Thursday, August 17, 2006

BUT HOW DO YOU EXPLAIN THAT TO THE BBC?


BBC host, Jenni Murray, a feminist and euthanasia advocate is angry. Why? Because after fighting so hard to become liberated and independent, she’s now been “trapped” into caring for her mother who is ill with Parkinson’s disease.

Jenni is so angry, in fact, that she has entered into a suicide pact with friends just in case she should find herself incapacitated by an illness. I can’t say that I blame her. If you have ever cared for someone who is elderly or disabled 24/7 it is exhausting, confining, and less than glamorous. It doesn’t coexist very well with a lifestyle of travel, fresh acrylic nails or treatments at the spa. It produces bad backs, sleepless nights, and if it’s a loved one, worry beyond imagination. I should know. I did it for 20 years. Not for my mother, but for my daughter, Sasha, who required diapering, bathing, feeding and constant medical attention…and I WAS trapped. Weekends…evenings…and many days when she was too sick to leave the house. I was old when I was young….chronically tired and perpetually grieved.

Why is it then that I can find words to describe that experience, but cannot for the life of me find them to express to you or to Jenni, if I had the chance, the depth, the beauty, the joy, the profundity of that same experience. How can I explain to you that in dying to the rights of my youth….giving to her when I had nothing left to give…crying from the depths of my soul when I had no more tears, I found the deepest, most immovable, unshakeable relationship with my Heavenly Father…. A strength unbreakable in my abject weakness…a discovery of another self in my selflessness.

How can I describe to you the sweetness of His presence…the daily miracles of His mercy and encouragement….I can’t…I can’t.

How could I tell her or you that I would do it again? I would choose my precious Sasha and all that entails for the joy of loving her and learning more of Him.

As to Jenni’s suicide pact, I understand that too. I hate to be dependent on anyone…even for a ride or a meal. I like being independent and I don’t want anyone to have to wait on me. Dietrich Bonhoeffer sorted that one out clearly when he said, “Not only do the weak need the strong, but the strong need the weak.” The mystery here is, that even in depending on others in our weakness, we are serving them by helping mold THEIR character.
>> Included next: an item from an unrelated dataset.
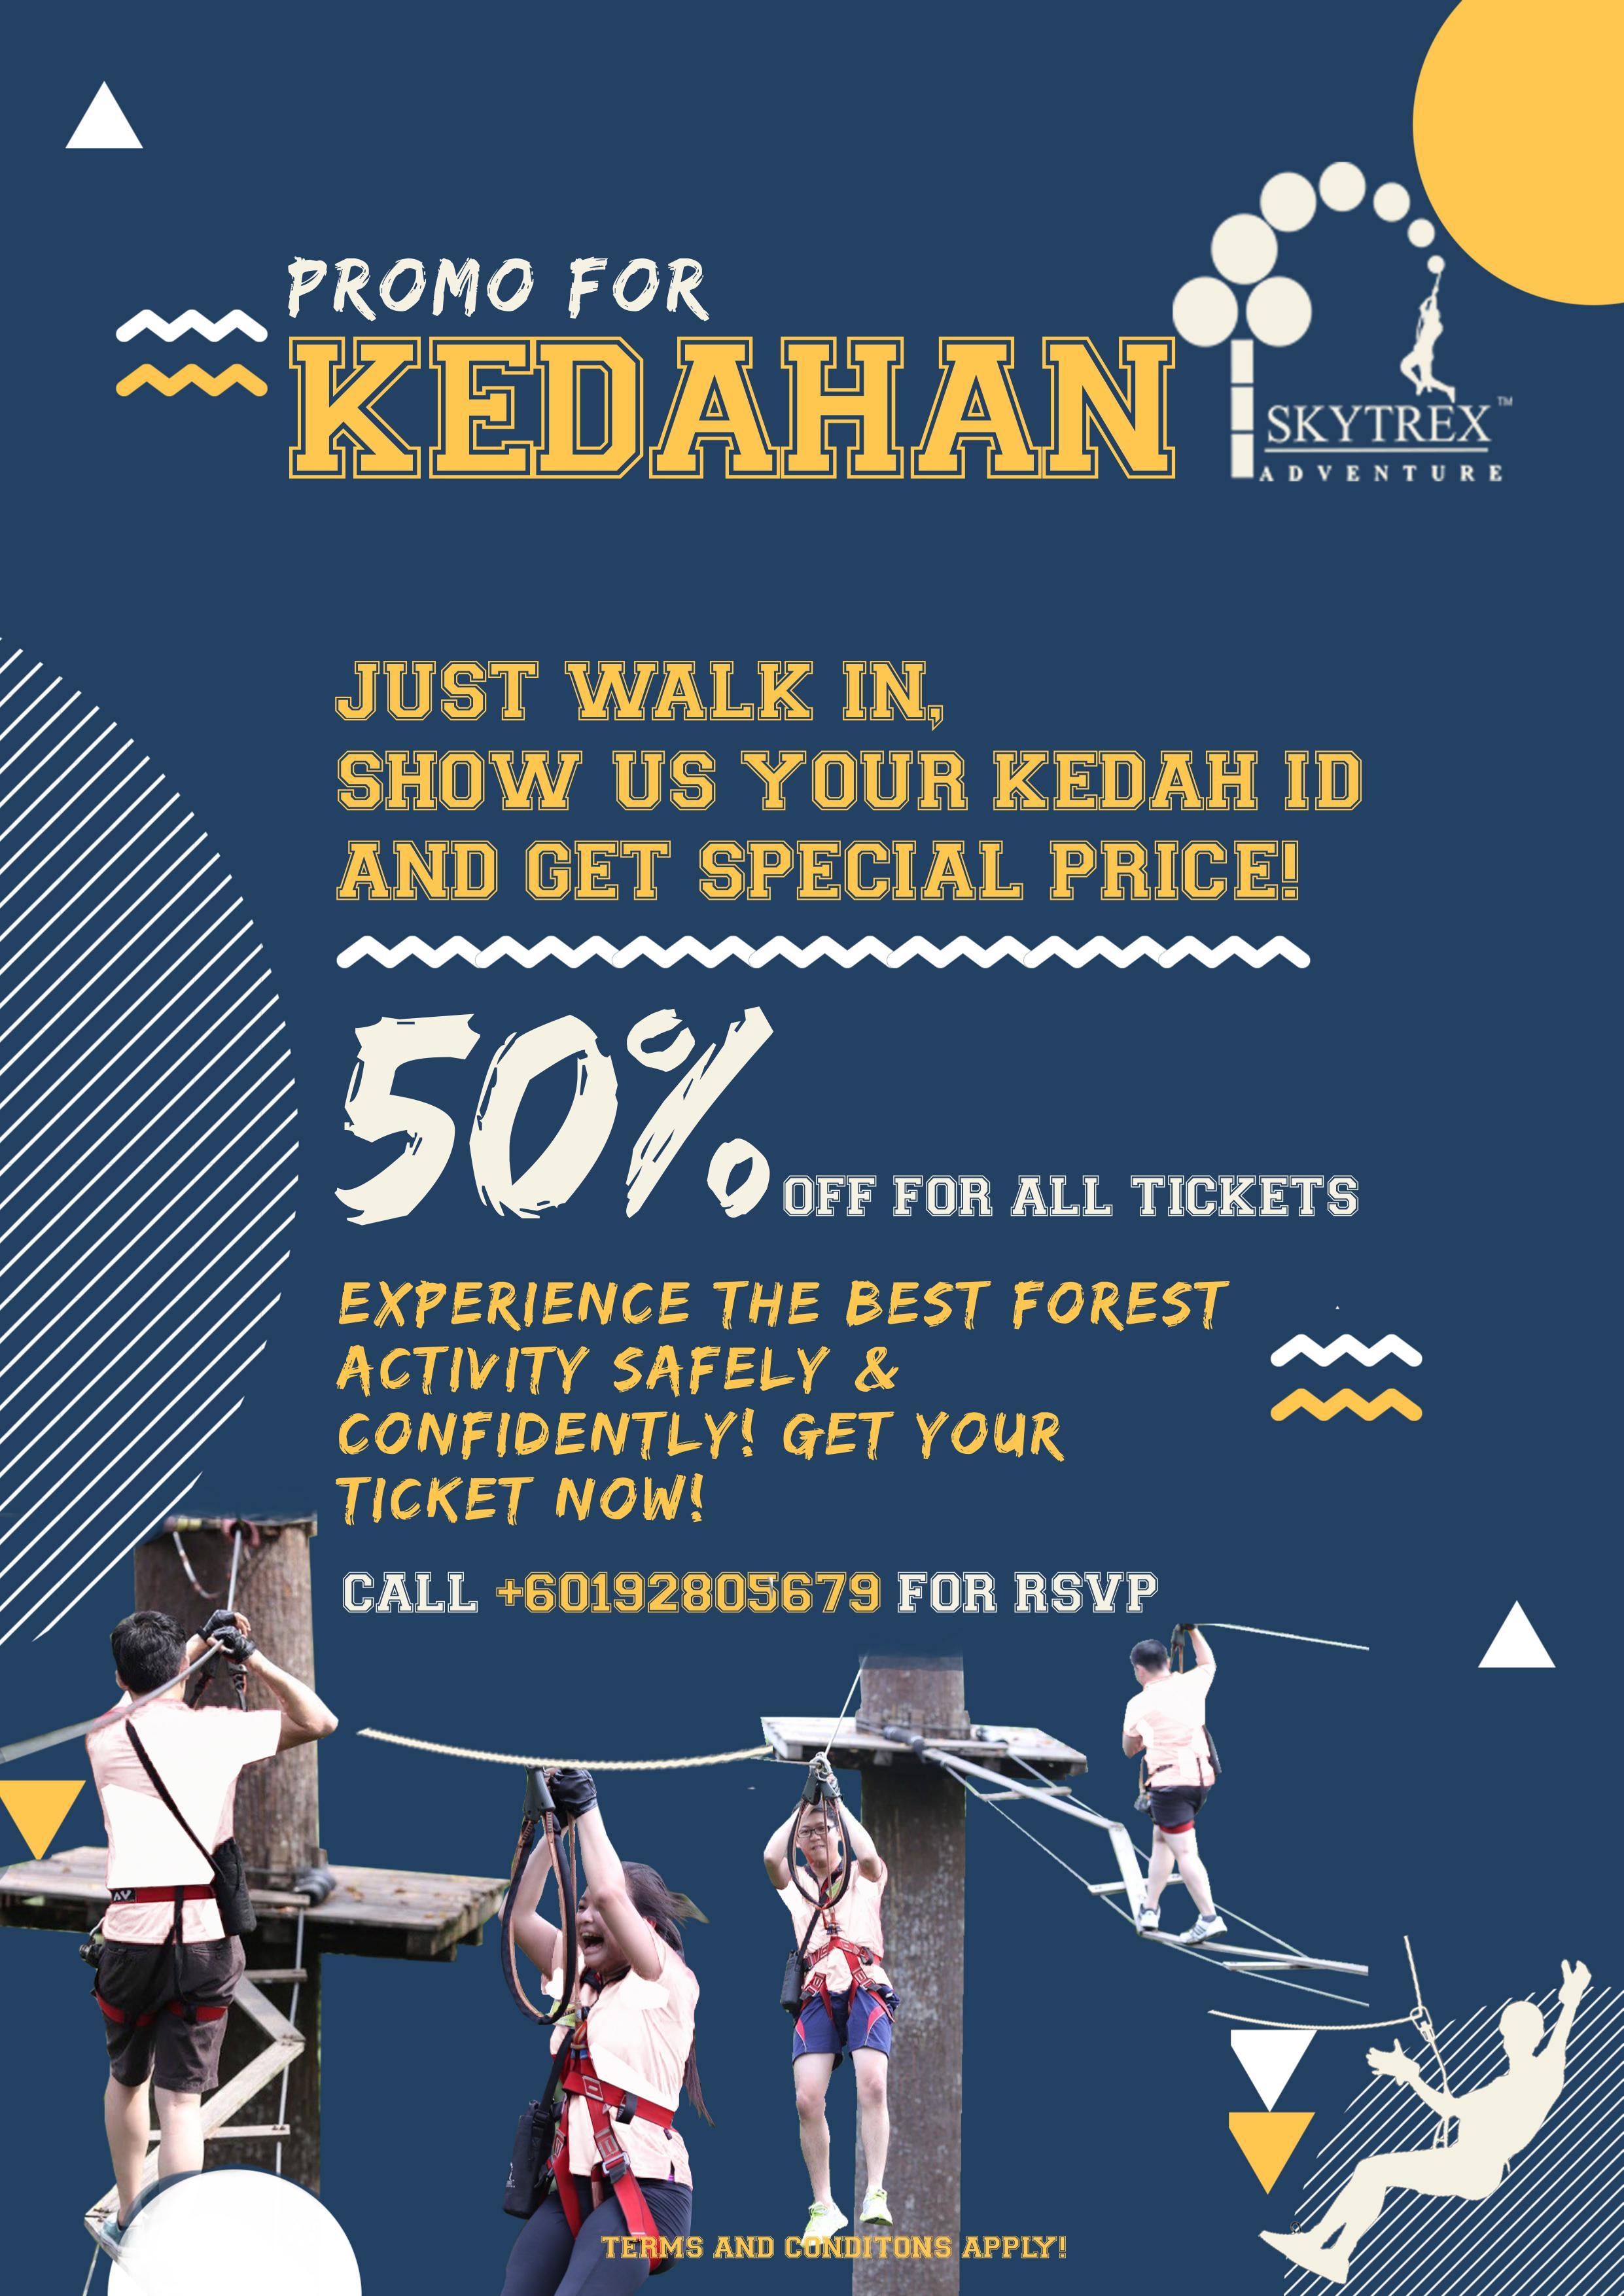 Kedahan Specials for Skytrex Langkawi

The BBC says “the law against assisted suicide is supported by a ‘religious minority’ who hold to an outdated moral view that human life is inherently valuable and that children have a legitimate obligation to care for elderly parents.”
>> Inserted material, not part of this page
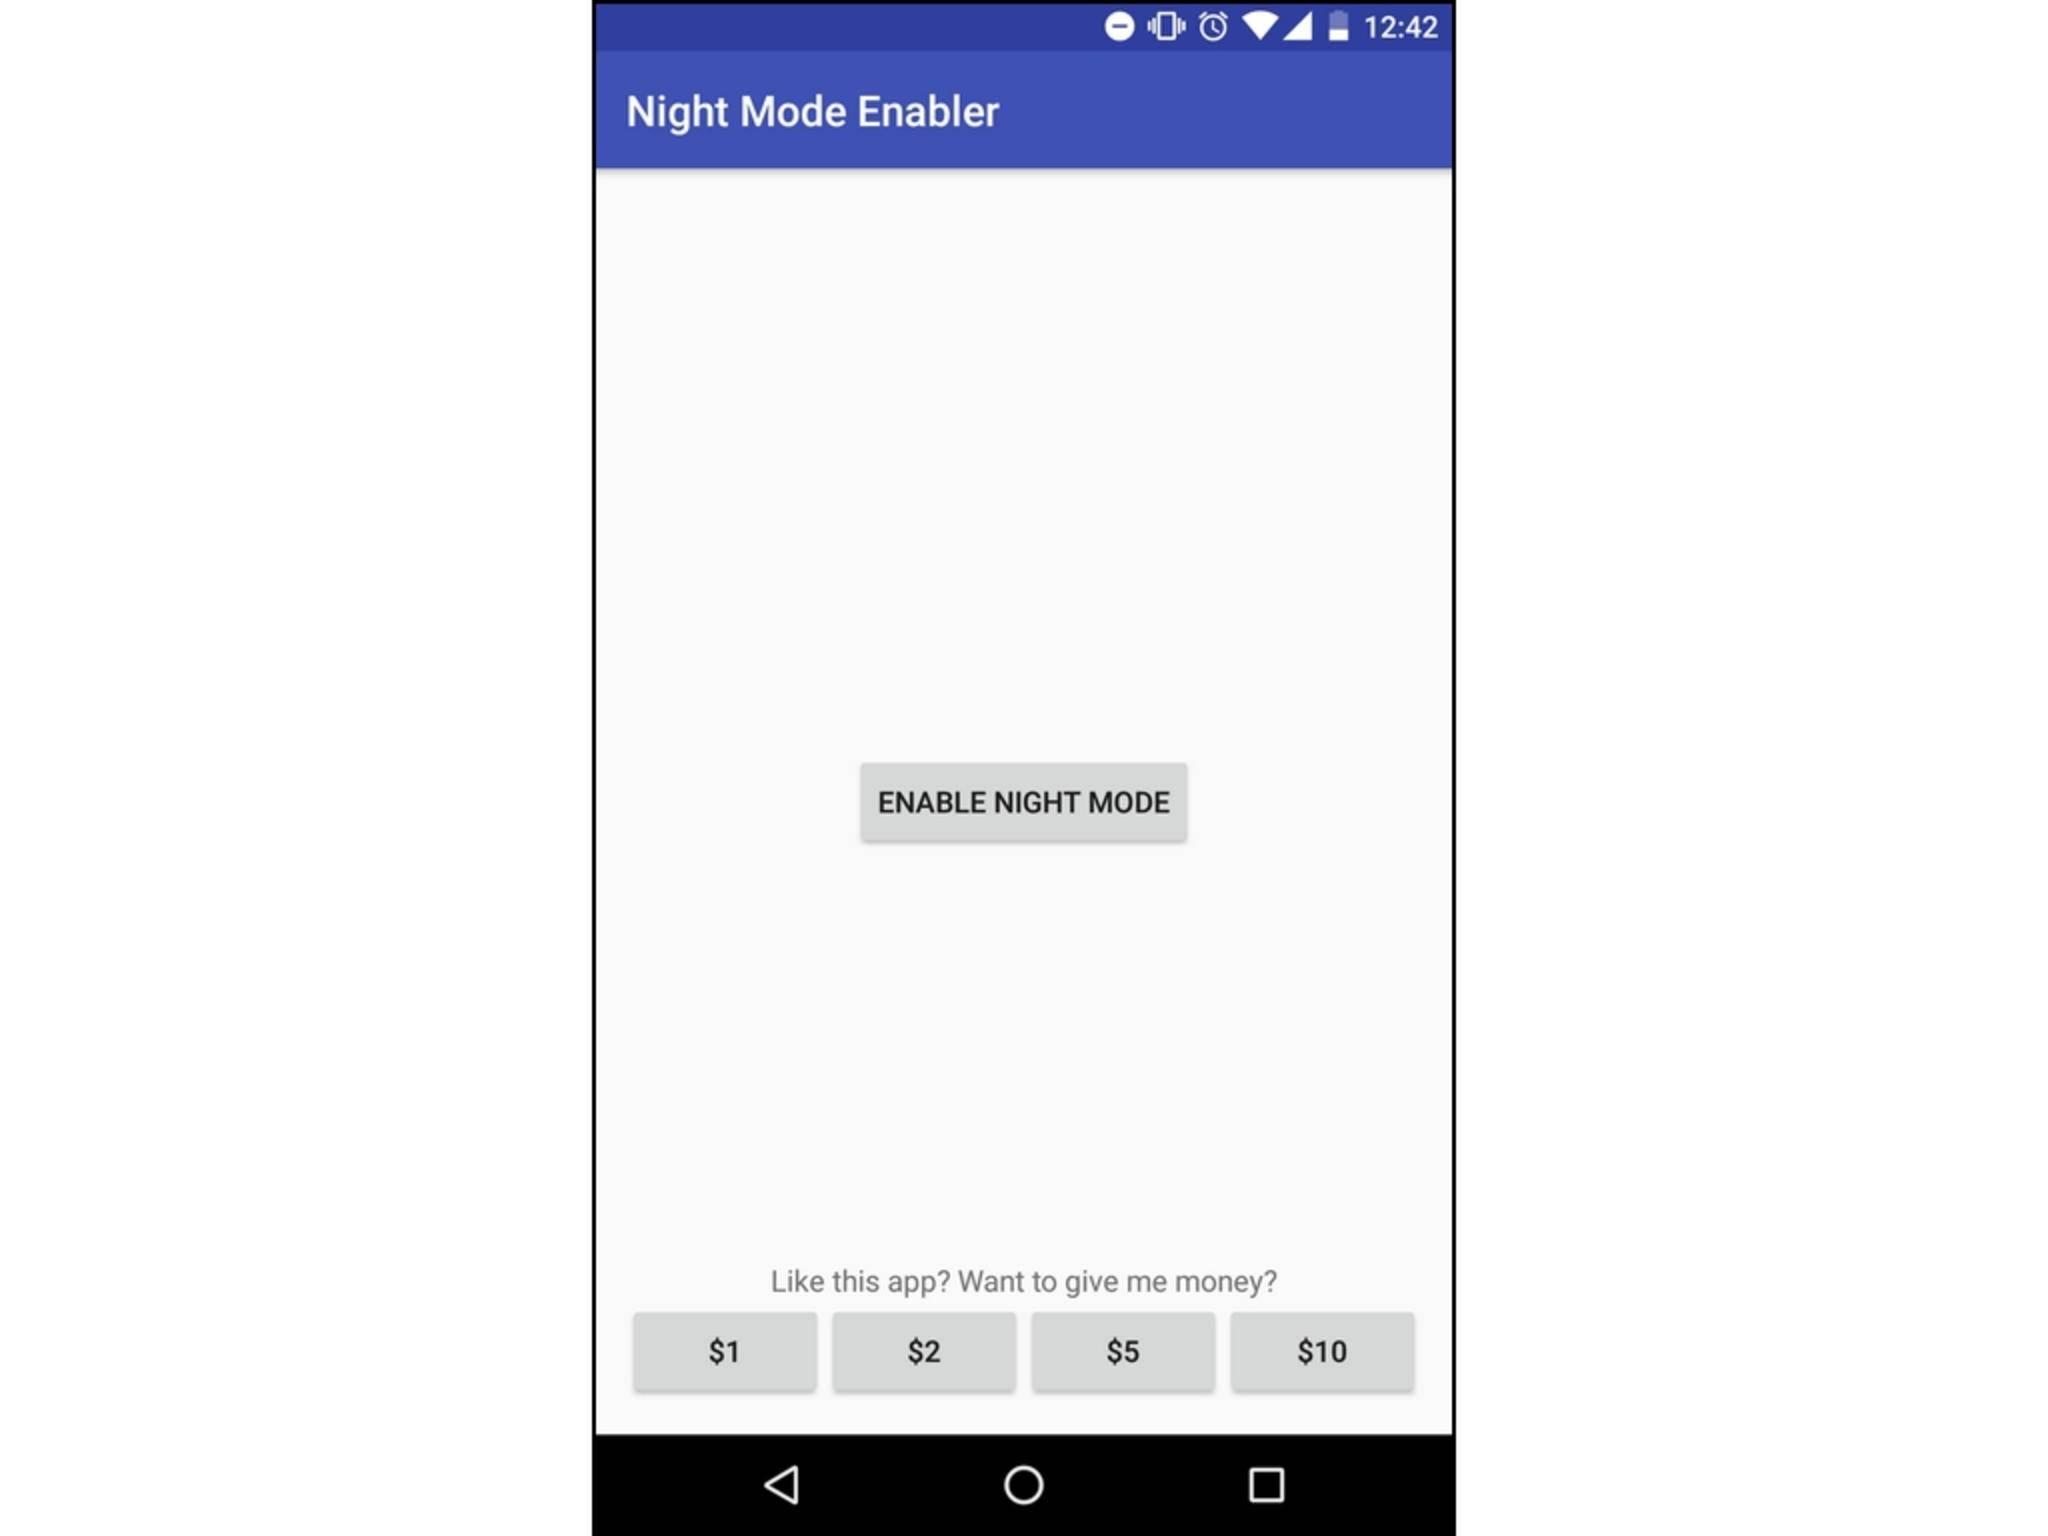 Mit der App kannst Du den Nachtmodus freischalten.

It’s true, you know. If I didn’t know there was a God, I would be very much in favor of mercy killing the elderly and following Princeton’s Dr. Peter Singer in suggesting the extermination of unwanted disabled children. It’s just a more graphic illustration of “eat, drink and be merry for tomorrow we may die.” Jenni Murray and others feel the way they do because to them this life is all there is. You only go around once...and so you gotta “go for the gusto,” if you know what I mean.

But there IS a God who gives to those of us who acknowledge and serve Him an upside down perspective of suffering that only His servants can understand. St. Francis of Assisi put it beautifully when he said,” For it is in giving that we receive, it is in pardoning that we are pardoned, it is in dying that we are born to eternal life!”

But how do you explain that to the BBC? I hope I just did.